Küresel piyasalarda siyasi ve politik risklerin artış fitilini Trump ateşlemeye başladı. Trump’ın başkan seçilmesinin ardından ABD iç siyasetine yönelik adımlarını teker teker atmasının ardından, dış siyasette de ağırlığını koyma çabalarını sürdürüyor. Bu hafta ilk kez Trump dış siyasete yönelik önemi söylemler ve adımlar atmanın sinyalini veriyor. Özellikle Suriye’de devam eden iç savaşın sonlanması gerektiğini altını çizerek söyledi. Her ne kadar Esad konusunda Rusya ile ters düştüklerini ancak savaşın sona ermesi içi bölgede ki terörizmin sonlandırılarak tüm mültecilerin de evlerine geri dönmesinin sağlanması gerektiğini söyledi. Trump, Obama yönetimine kıyasla artık açık bir şekilde Esad ve rejimine karşı bir tutum sergilemekten kaçınmıyor. Esad’ın ikitidarı ile barışın olmayacağı bir Suriye söylemi ise Beyaz Saray tarafından açıkça söylenmekte. Bu durum Rusya ve İran ile ilişkilerin önümüzdeki zamanlarda iyice gerilmesine yol açacaktır. Trump, NATO’yu yeniden öne plana sürerek Rusya karşısında bir adım önde olmak istemekte. Bu siyasi gelişmelerin neticesinde yatırımcılar finansal piyasalardaki fiyatlamalarını güvenli limanlara geri çekilerek ve risk iştahını azaltarak karşılık vermekte. Risk primi artışlarında her zaman olduğu gibi Altın ve Yen'in güç kazanması kaçınılmaz oluyor. Altın yeniden 1300 seviyelerine doğru hareketlenmiş durumda. Daha önceki tepe 1375 seviyesinde. Ancak büyük resimde Altın'da ki her yükseliş dalgası yeni satış pozisyonlarının açılması tarafında fırsat olarak kullanılmakta.

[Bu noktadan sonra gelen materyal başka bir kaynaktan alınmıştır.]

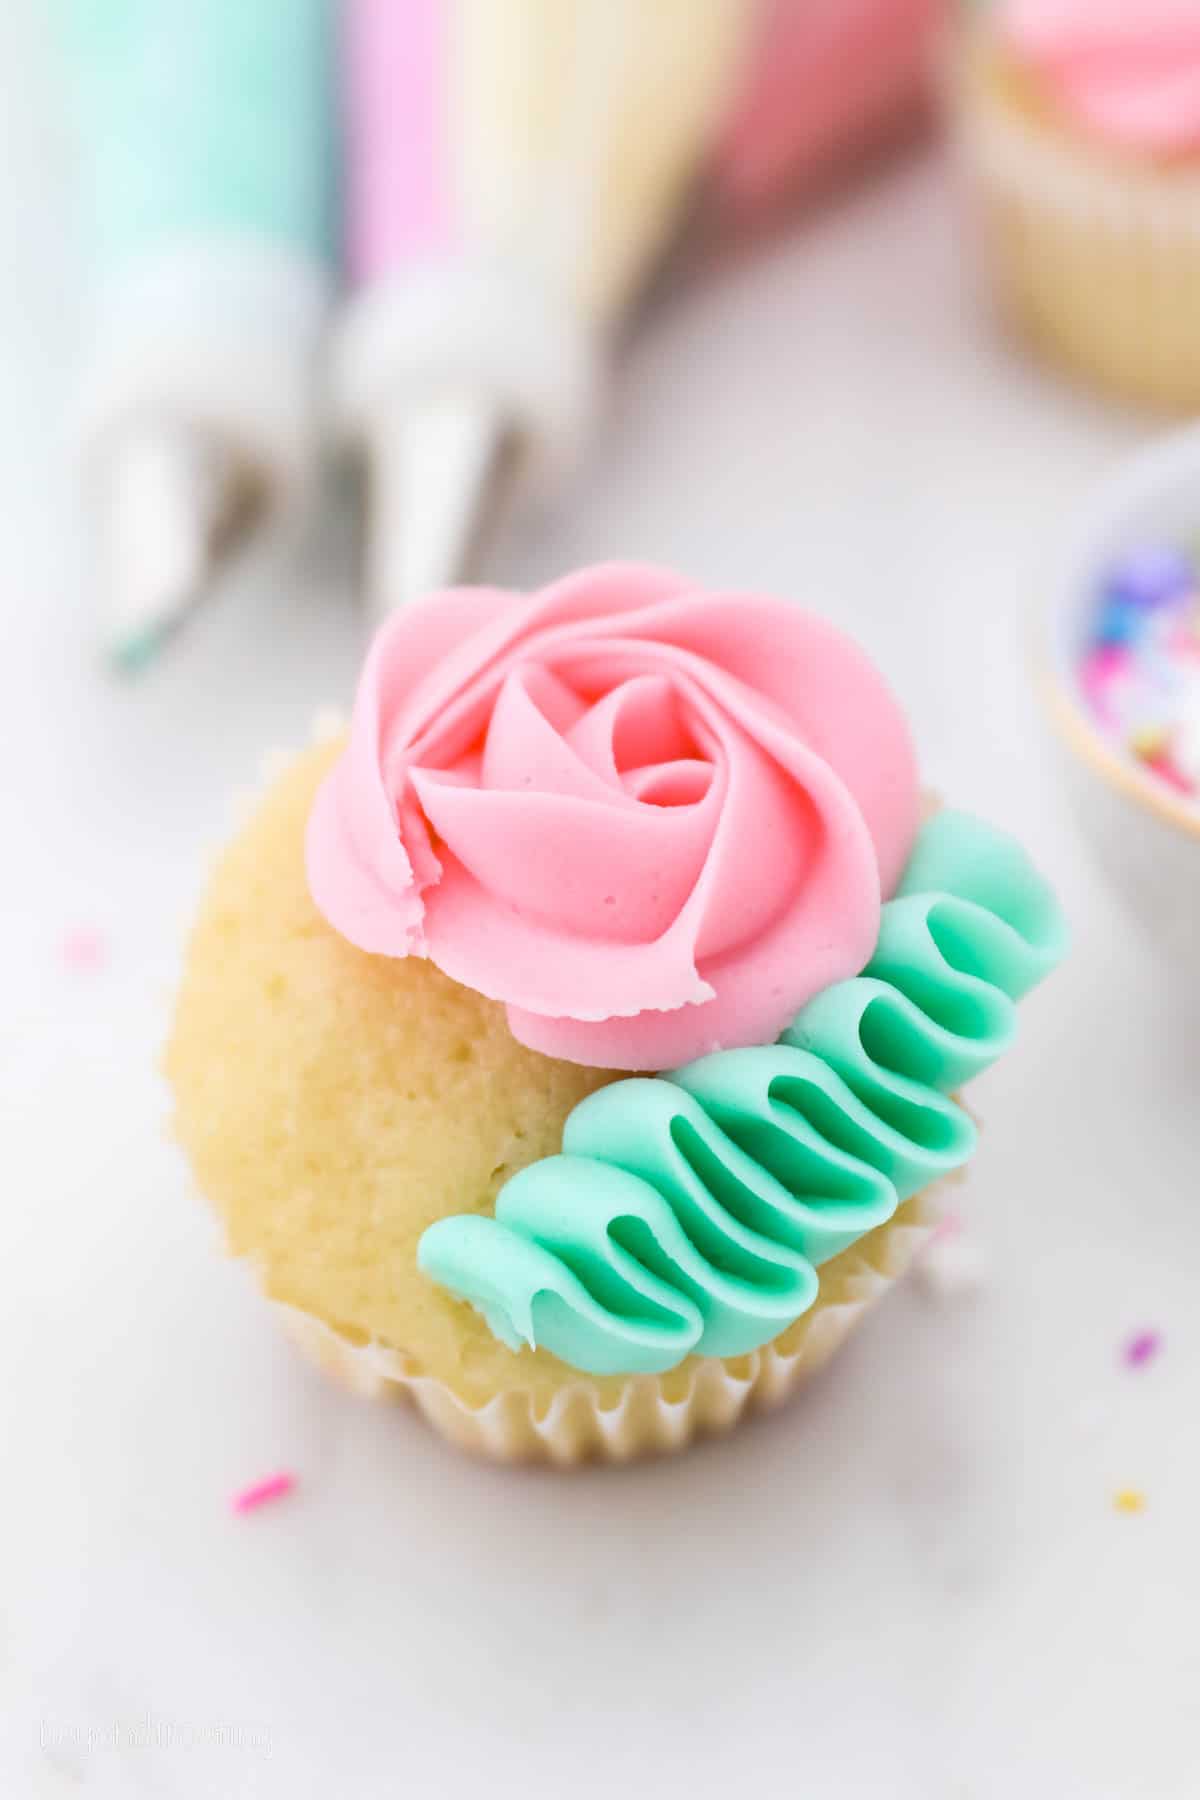 A vanilla cupcake topped with a pink buttercream rose and a teal frosting squiggle.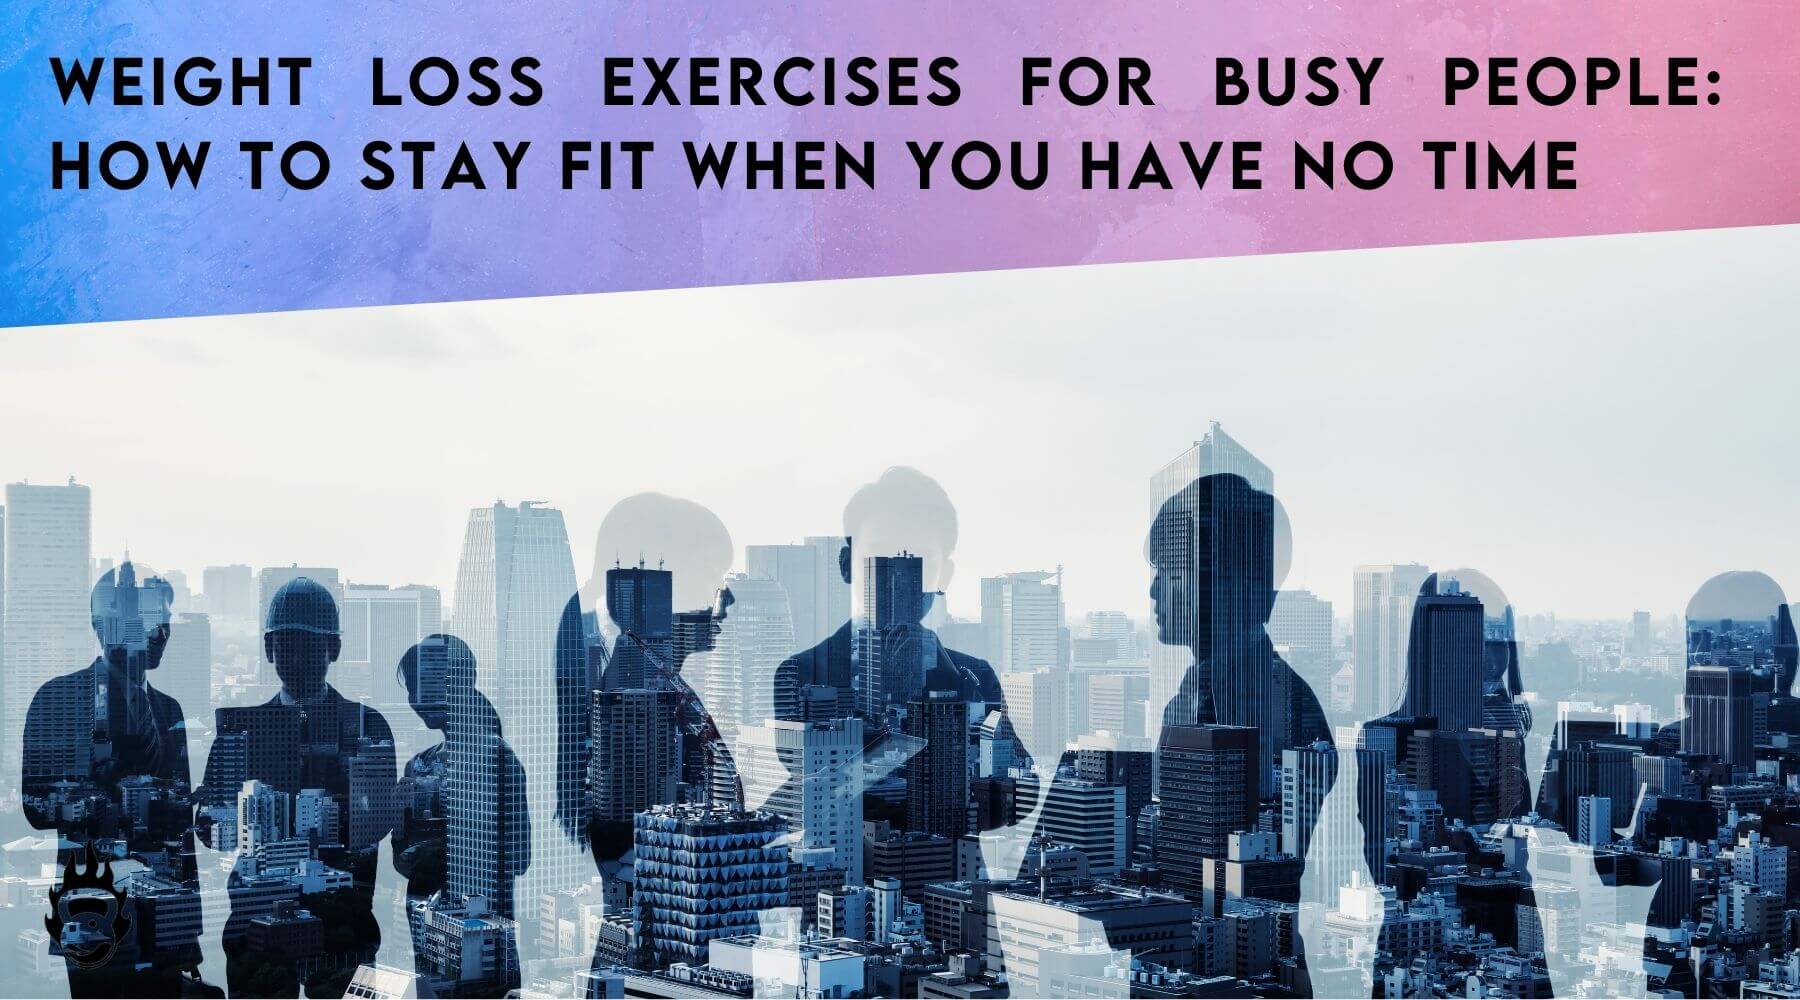 Weight Loss Exercises for Busy People: How to Stay Fit When You Have No Time

Diğer taraftan ABD, Kuzey Kore’yi halen ciddi bir risk tehdit unsunu olarak görmeye devam ediyor. Trump, Çin yönetimine açıkça Kuzey Kore sorununu çöz, çözemezsen ben çözmesini bilirim mesajını verdi. ABD, Çin’in kendisinden yana birlik olmasını istiyor. Zira ticari ilişkilerde Çin, ABD’ye tamamen bağımlı bir durumda. ABD-Çin arasındaki olası oluşabilecek gerilme, ticari ilişkilerde zedelenmeye neden olabilir ve dünya ekonomik ticaretinde büyük bir krize yol açmasını sağlayabilir. Trump ayrıca Çin’i daha önceden Döviz manipülatörü olarak suçlamıştı. Bu söyleminden geri adım attı atmasına ancak Trump’ın asıl sıkıntısı tüm dünyada Dolar’ın çok güçlü olduğunu ve bu aşırı değerlilikten dolayı ABD ihracatının son derece olumsuz etkilendiğini söylemekte. Kuşkusuz bu söyleminde Trump’ın son derece haklı olduğu açık. Güçlü ABD Doları ile ihracat tarından son derece zayıf kalan ABD ekonomisi, büyüme rakamları tarafında istediği canlanmayı yaşayamıyor. FED yönetimi ise faiz artırımları konusunda bulduğu her fırsatı değerlendirme arzusunda. Bu durum Dolar’a olan talebi kuvvetlendirme. Doların seyri, Trump-FED yönetimi tarafında verilen mücadele sonucunda şekillenmeye başlayacaktır.